Jodi Kantor has a piece in the Sunday NY Times about what happens to television when the screens get extra large (wall-sized flat screens) and super-small (the video iPod).

She observes that the mobile screens will bring TV consumption to new places - the train to work, the wait at the dentist's office, the bathroom stall. But it's hard to watch some content - like a football game - on a cell phone screen and figure out what's going on, or where the ball is. Other content, like episodes of `Lost,' seem intended to be viewed on high-definition sets, as cinema-size images. Kantor writes of that show, "...its mysteries sometimes turn on intricate visual clues, as in a moment early this season when a shark menaced two characters clinging to the remains of a raft. In high-definition, viewers may have noticed that the shark was tattooed with a corporate logo, a significant hint about the bizarre ecosystem of the island."

Of tiny, portable screens, she writes, "Yet what the tiny new televisions lose in spectacle, they make up in intimacy. As large televisions become home movie theaters, small televisions may restore something personal and human-scale to the medium. And something wondrous: the long-lost surprise at moving images beamed directly into our personal space."

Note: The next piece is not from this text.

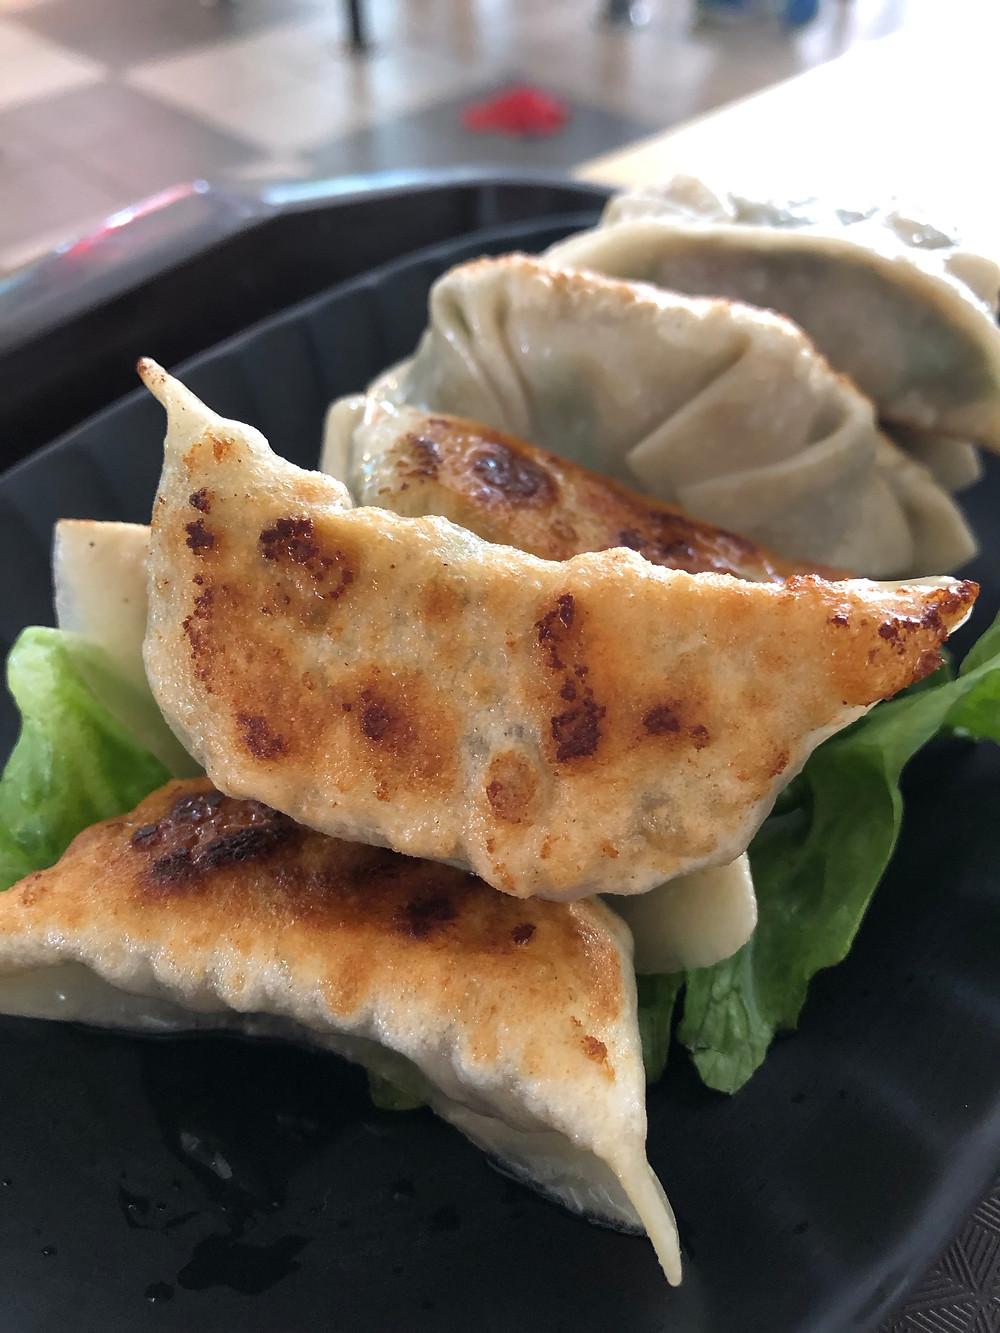 pan fried dumplings from the hawker center // sunnyinjune.com

Also in the paper today: my friend Michael Joseph Gross has a piece about Richard Linklater and the movie version of `Fast Food Nation.' It's being produced by Jeff Skoll and Participant Productions. Gross writes:

    Participant's chief executive, Jeff Skoll, a co-founder of eBay, has promised to put his money behind films that make a difference. The company's corporate Web site, www.ParticipantProductions.com, explains that the company "believes in the power of media to create great social change."

    "Our goal is to deliver compelling entertainment that will inspire audiences to get involved in the issues that affect us all," it continues.

    In an interview, Mr. Strauss said that "Fast Food Nation" advances Participant's mission "in the sense of encouraging corporate responsibility."

    The marketing plan for each Participant film includes activist outreach, especially on another company Web site, www.participate.net. Participant's first dramatic features, "Good Night, and Good Luck" and "North Country," opened this month - and the campaign for "North Country," whose plot involves issues of workplace discrimination and domestic violence, invites Web site visitors to "Sign the Women-Friendly Workplace Pledge" and "Implement a sexual harassment policy at your school." Although Mr. Strauss said Participant has had "internal discussions" about its "social action campaign" for "Fast Food Nation," the company will wait to announce its plans until the film is complete.